Finding interval/radius of convergence of power series

**Pinkk** · May 10th 2009, 05:16 PM

I'm fairly certain I have the correct answer, but I just want to verify.

$\sum_{k=1}^{\infty}\frac{k^{2}x^{k}}{2\cdot 4\cdot 6\cdot \cdot \cdot (2k)}$

So I used the ratio test:

$\lim_{k\to \infty}|\frac{a_{k+1}}{a_{k}}| = \lim_{k\to \infty}\frac{(k+1)^{2}|x|^{k+1}}{4\cdot 6\cdot 8\cdot \cdot \cdot (2k+2)}\cdot \frac{2\cdot 4\cdot 6\cdot \cdot \cdot (2k)}{k^{2}|x|^{k}}=2|x|\lim_{k\to \infty}\frac{k^{2}+2k+1}{2k^{3}+2k^{2}}<1$

Well, the limit goes to zero, so I end up with:

$2|x|\cdot 0 < 1$

$0<1$

So that means the series is convergent for all values of $x$ , so the radius of convergence is $\infty$ and the interval of convergence is $(-\infty,\infty)$ .
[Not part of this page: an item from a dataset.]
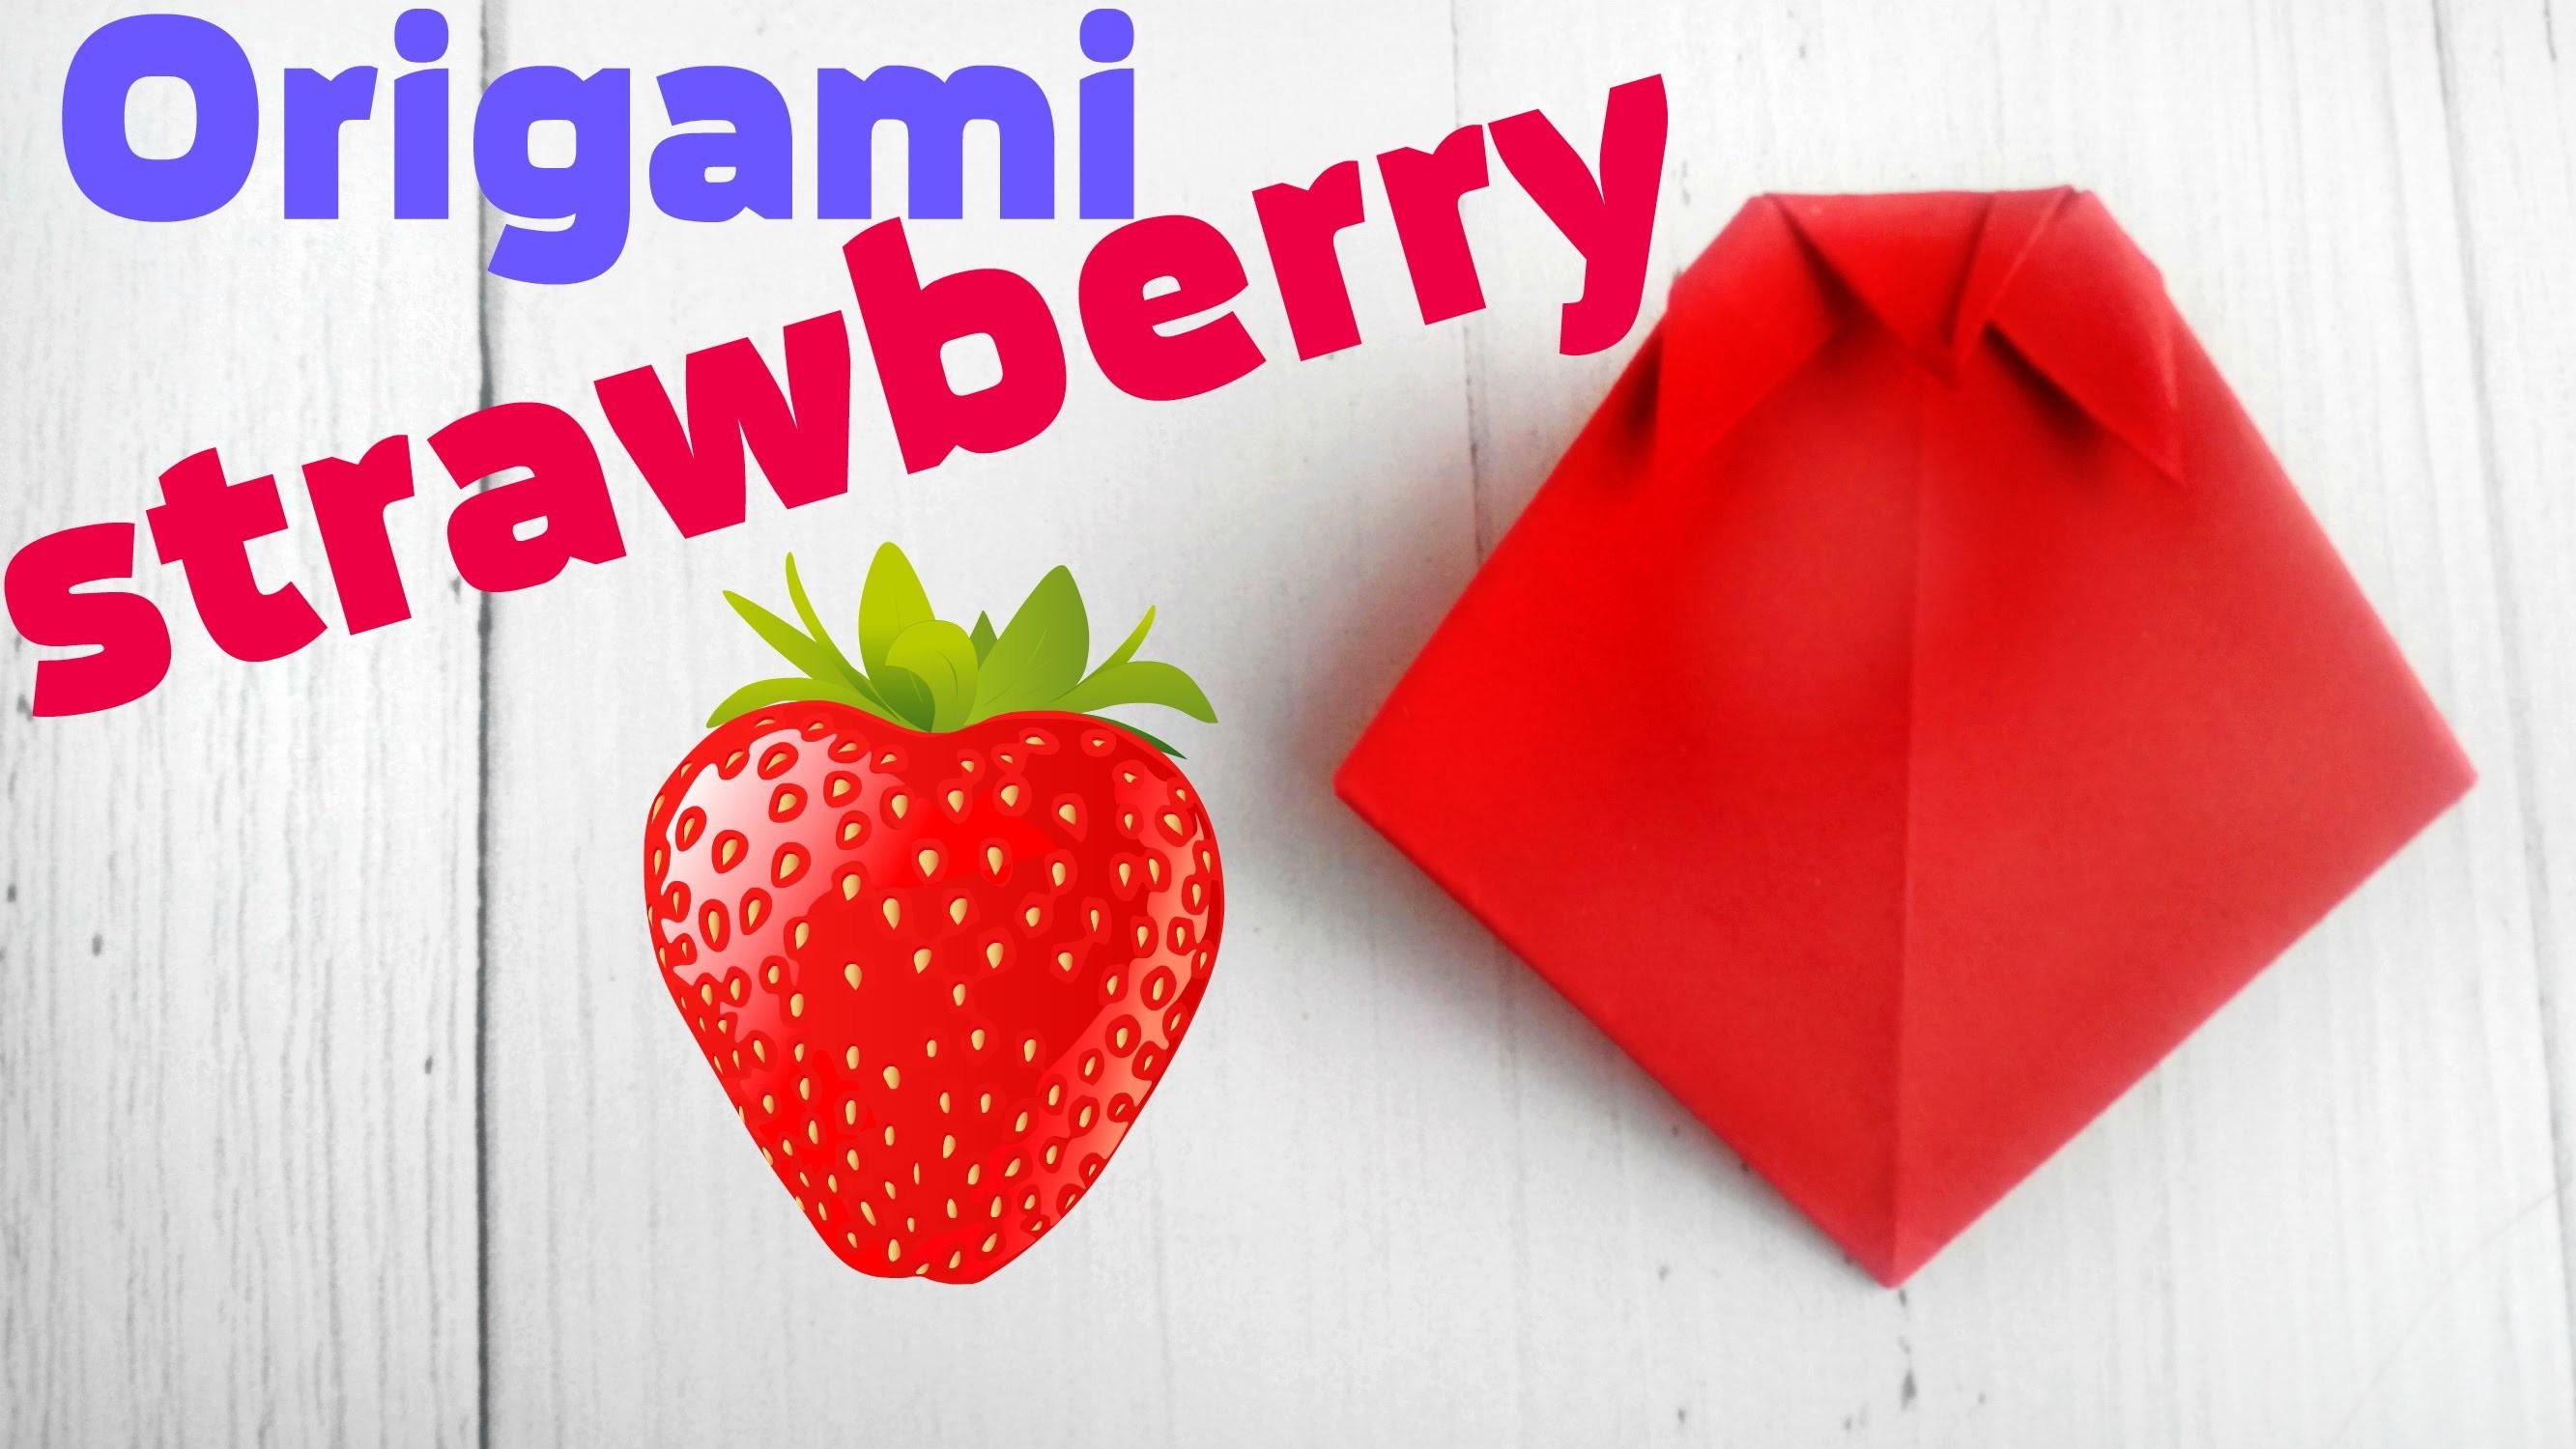 strawberry fruit diagram car spotlight wiring origami tutorial easy instructions 3d scheme
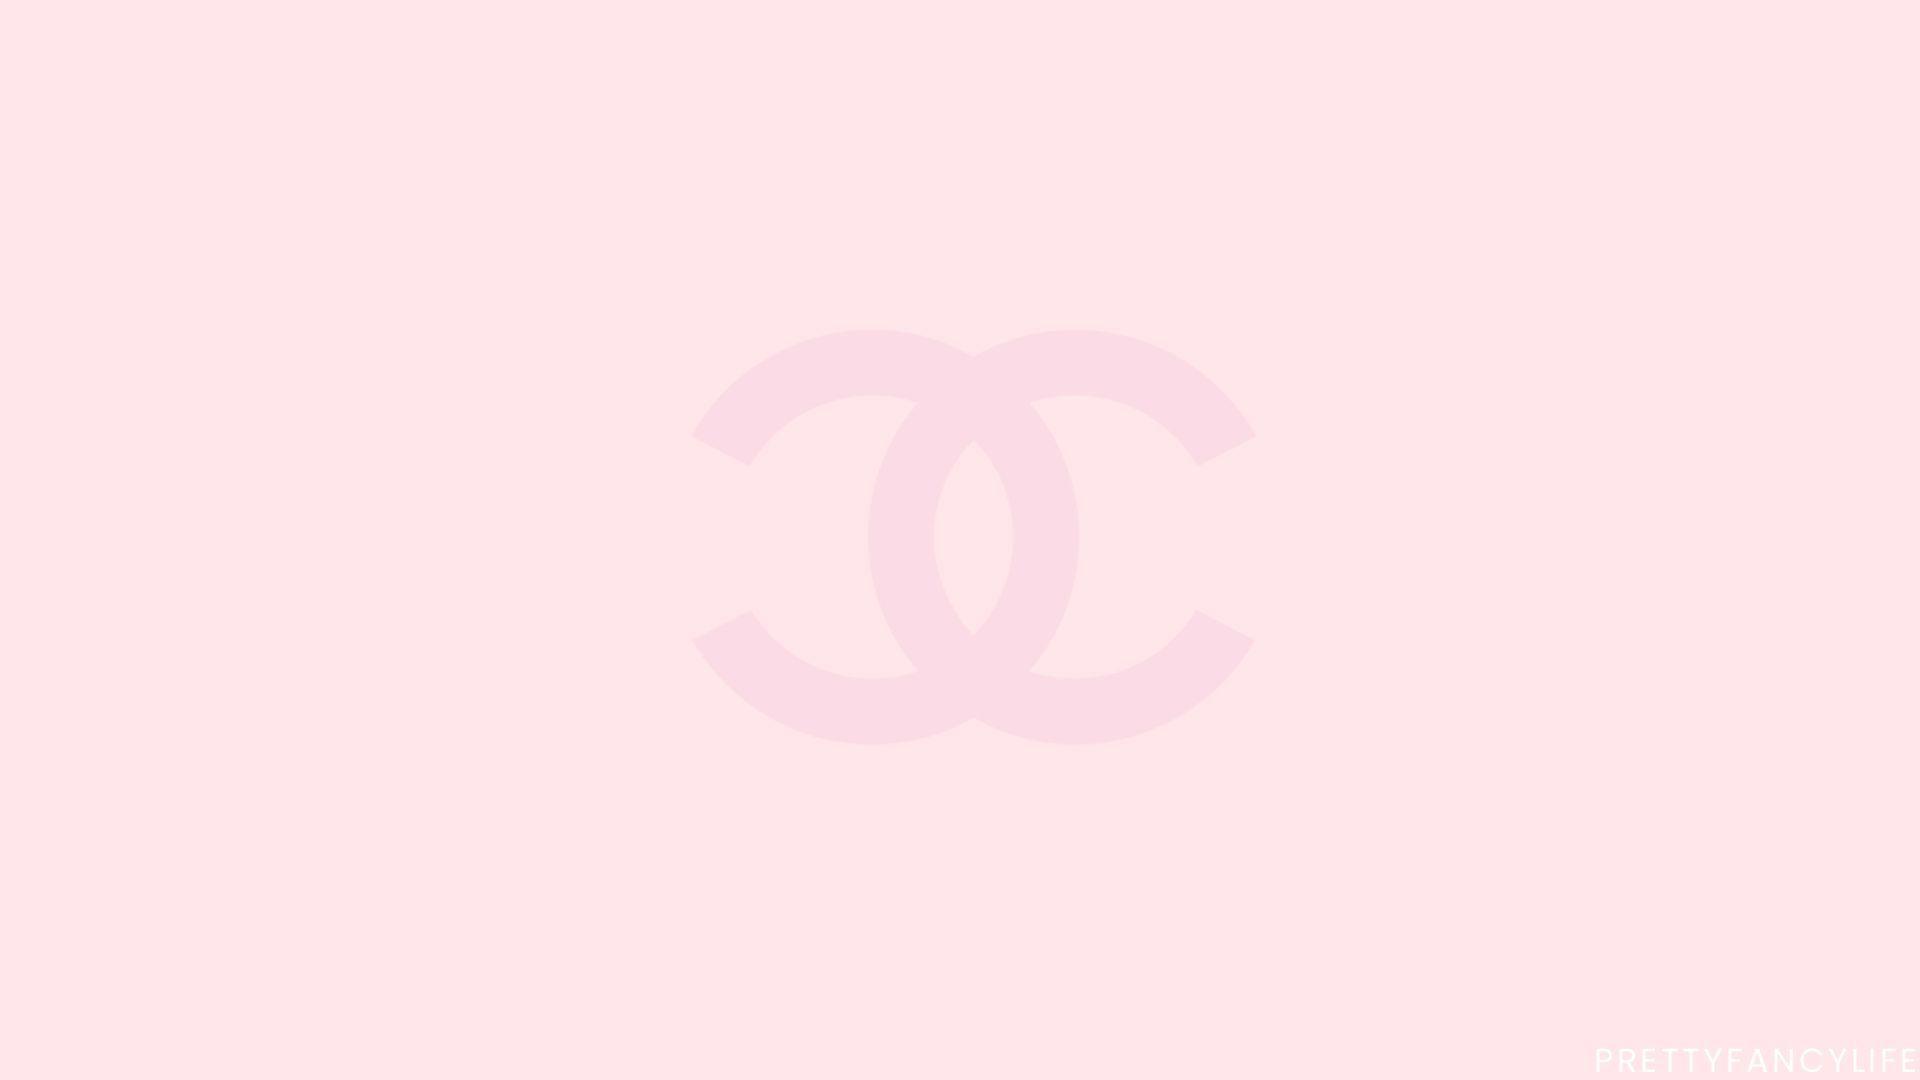 Designer Desktop Wallpaper Pink Wallpaper Backgrounds Free Desktop Wallpaper Free Wallpaper Backgrounds

**Banned for attempted hacking** · May 10th 2009, 06:10 PM

Absolutely Correct.

**Prove It** · May 10th 2009, 06:11 PM

Originally Posted by Pinkk

I'm fairly certain I have the correct answer, but I just want to verify.

$\sum_{k=1}^{\infty}\frac{k^{2}x^{k}}{2\cdot 4\cdot 6\cdot \cdot \cdot (2k)}$

So I used the ratio test:

$\lim_{k\to \infty}|\frac{a_{k+1}}{a_{k}}| = \lim_{k\to \infty}\frac{(k+1)^{2}|x|^{k+1}}{4\cdot 6\cdot 8\cdot \cdot \cdot (2k+2)}\cdot \frac{2\cdot 4\cdot 6\cdot \cdot \cdot (2k)}{k^{2}|x|^{k}}=2|x|\lim_{k\to \infty}\frac{k^{2}+2k+1}{2k^{3}+2k^{2}}<1$

Well, the limit goes to zero, so I end up with:

$2|x|\cdot 0 < 1$

$0<1$

So that means the series is convergent for all values of $x$ , so the radius of convergence is $\infty$ and the interval of convergence is $(-\infty,\infty)$ .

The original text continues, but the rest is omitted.